[Provided material Boundary: Start]

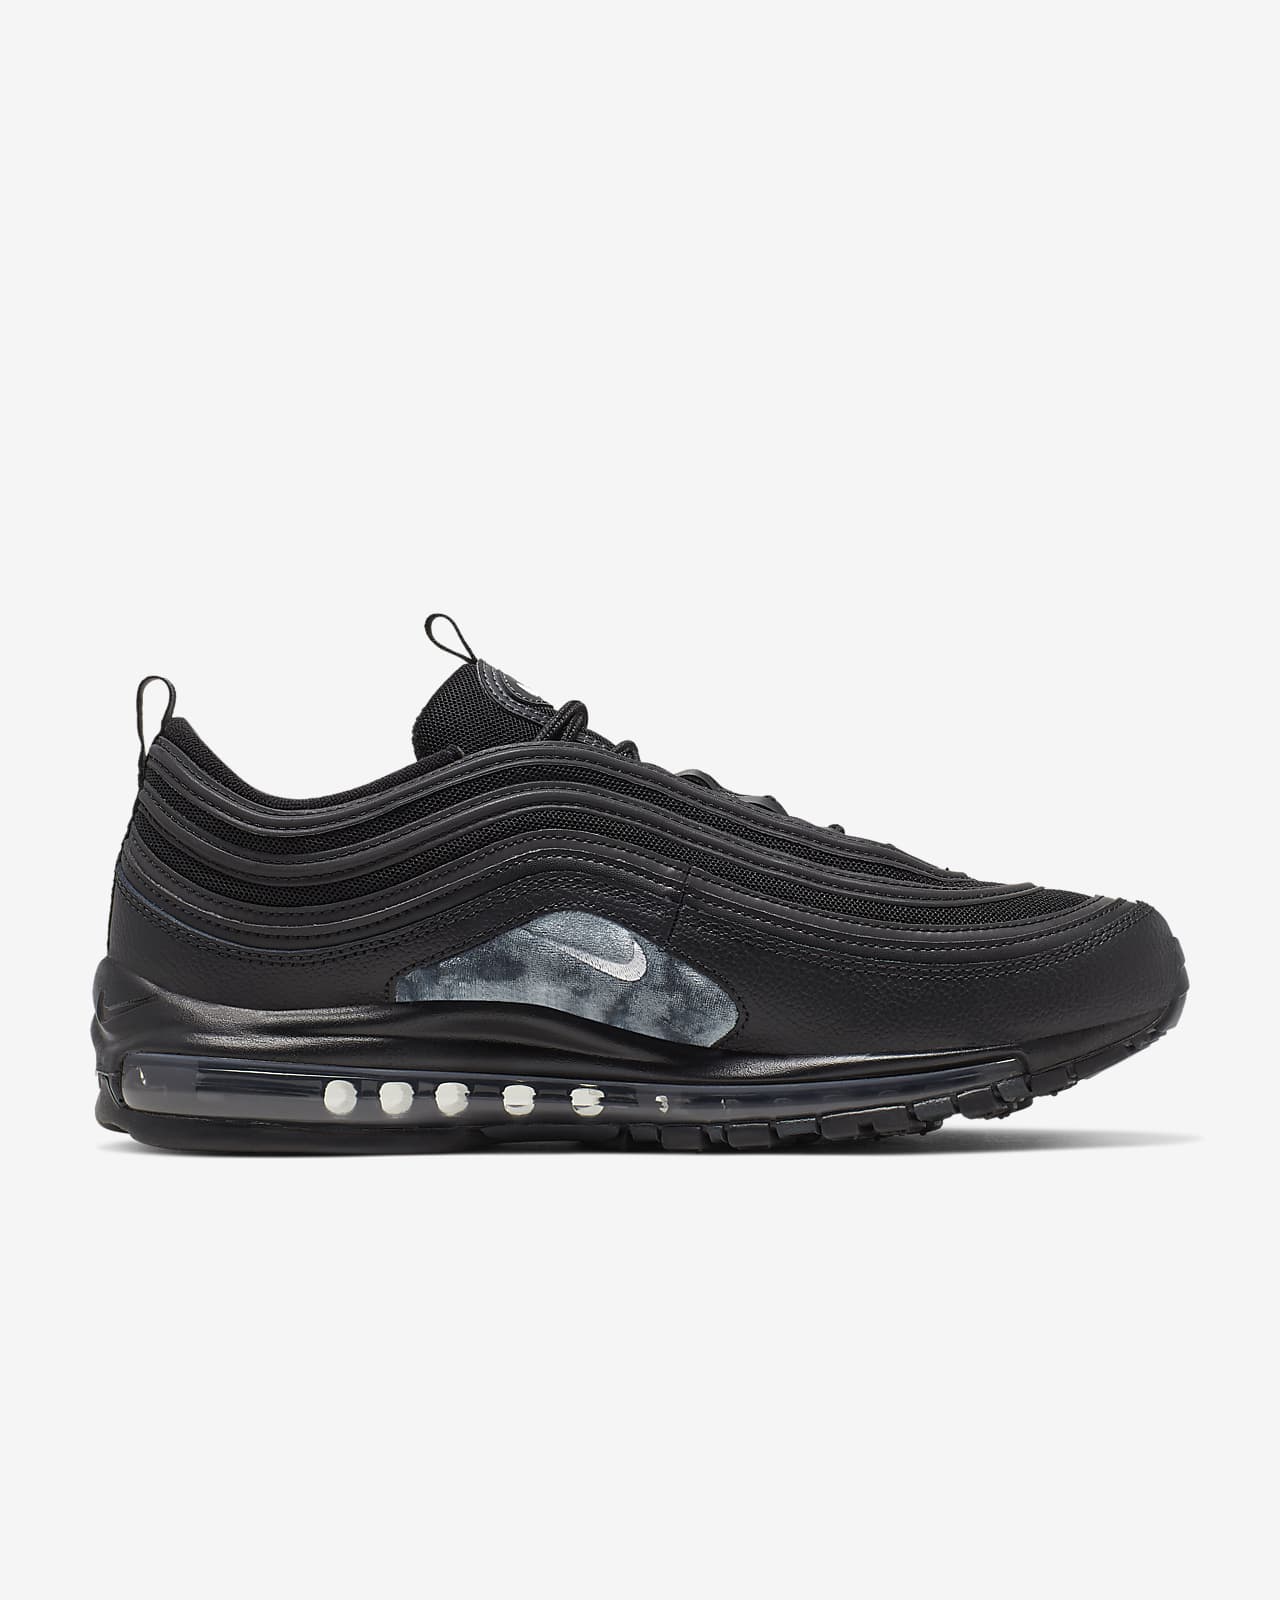 nike air max 97 fit true to size
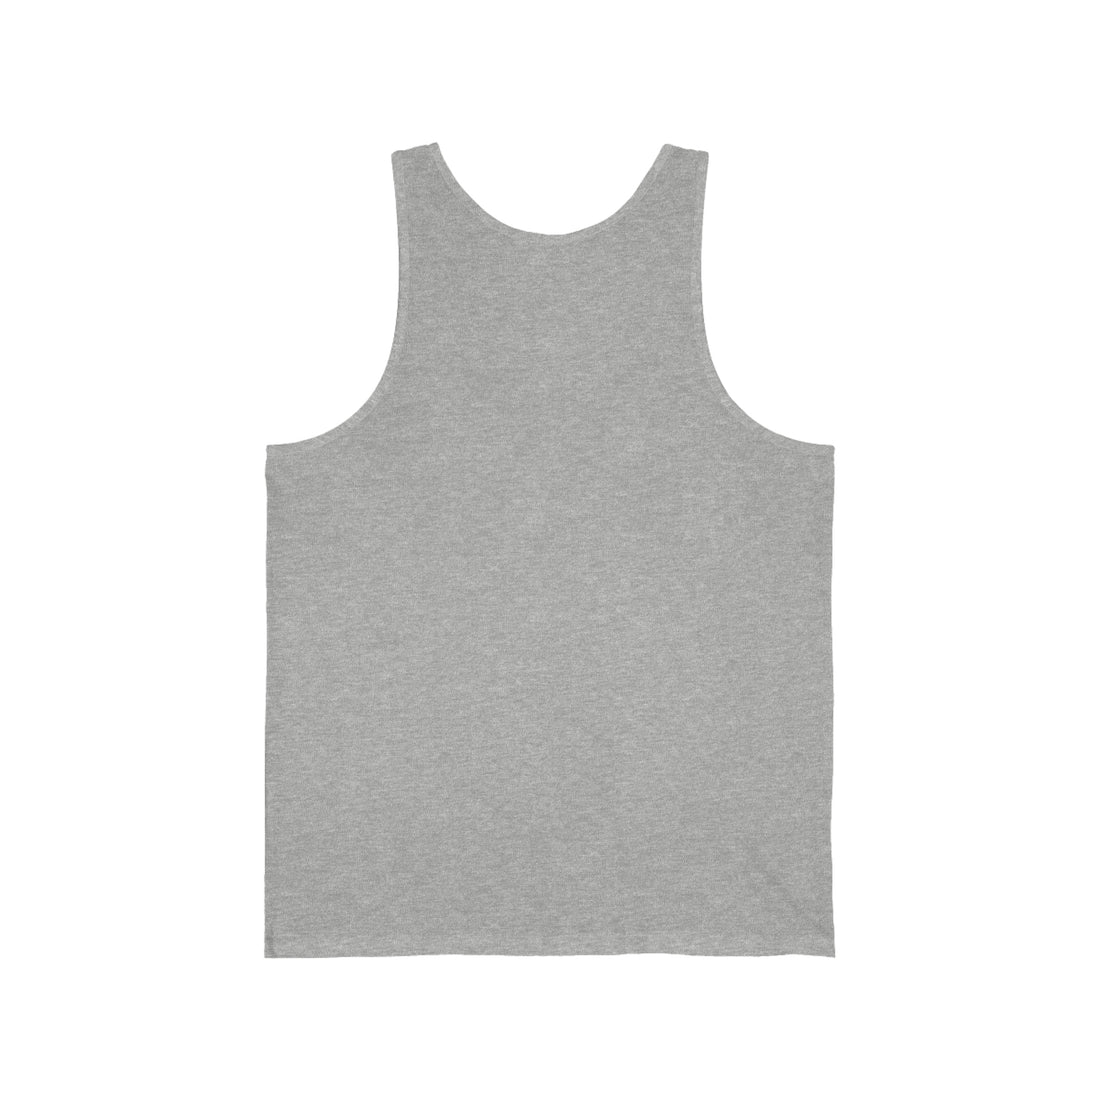 I Love My Cochlear Implant - Unisex Jersey Tank Top
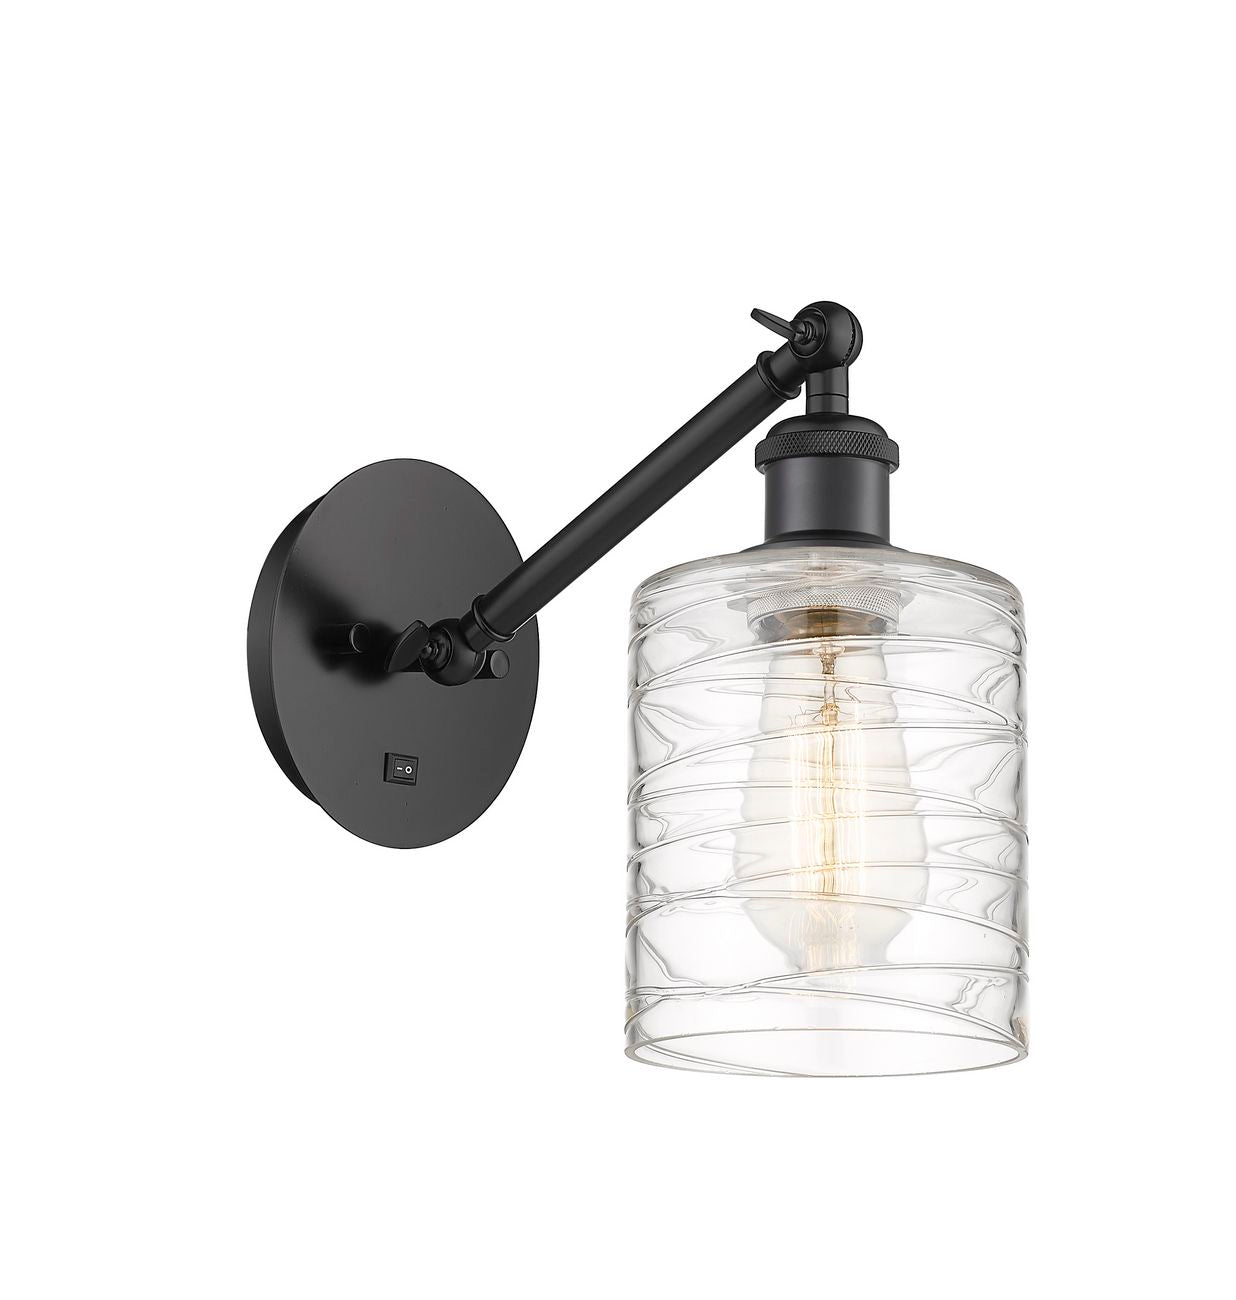 317-1W-BK-G1113 1-Light 5.3" Matte Black Sconce - Deco Swirl Cobbleskill Glass - LED Bulb - Dimmensions: 5.3 x 12.5 x 12.75 - Glass Up or Down: Yes

[Provided material Boundary: End]

[Task to carry out]
Each line of the data needs to be output exactly, with any image excluded.

[Completed exercise]
 nike air max 97 fit true to size
 I Love My Cochlear Implant - Unisex Jersey Tank Top
 317-1W-BK-G1113 1-Light 5.3" Matte Black Sconce - Deco Swirl Cobbleskill Glass - LED Bulb - Dimmensions: 5.3 x 12.5 x 12.75 - Glass Up or Down: Yes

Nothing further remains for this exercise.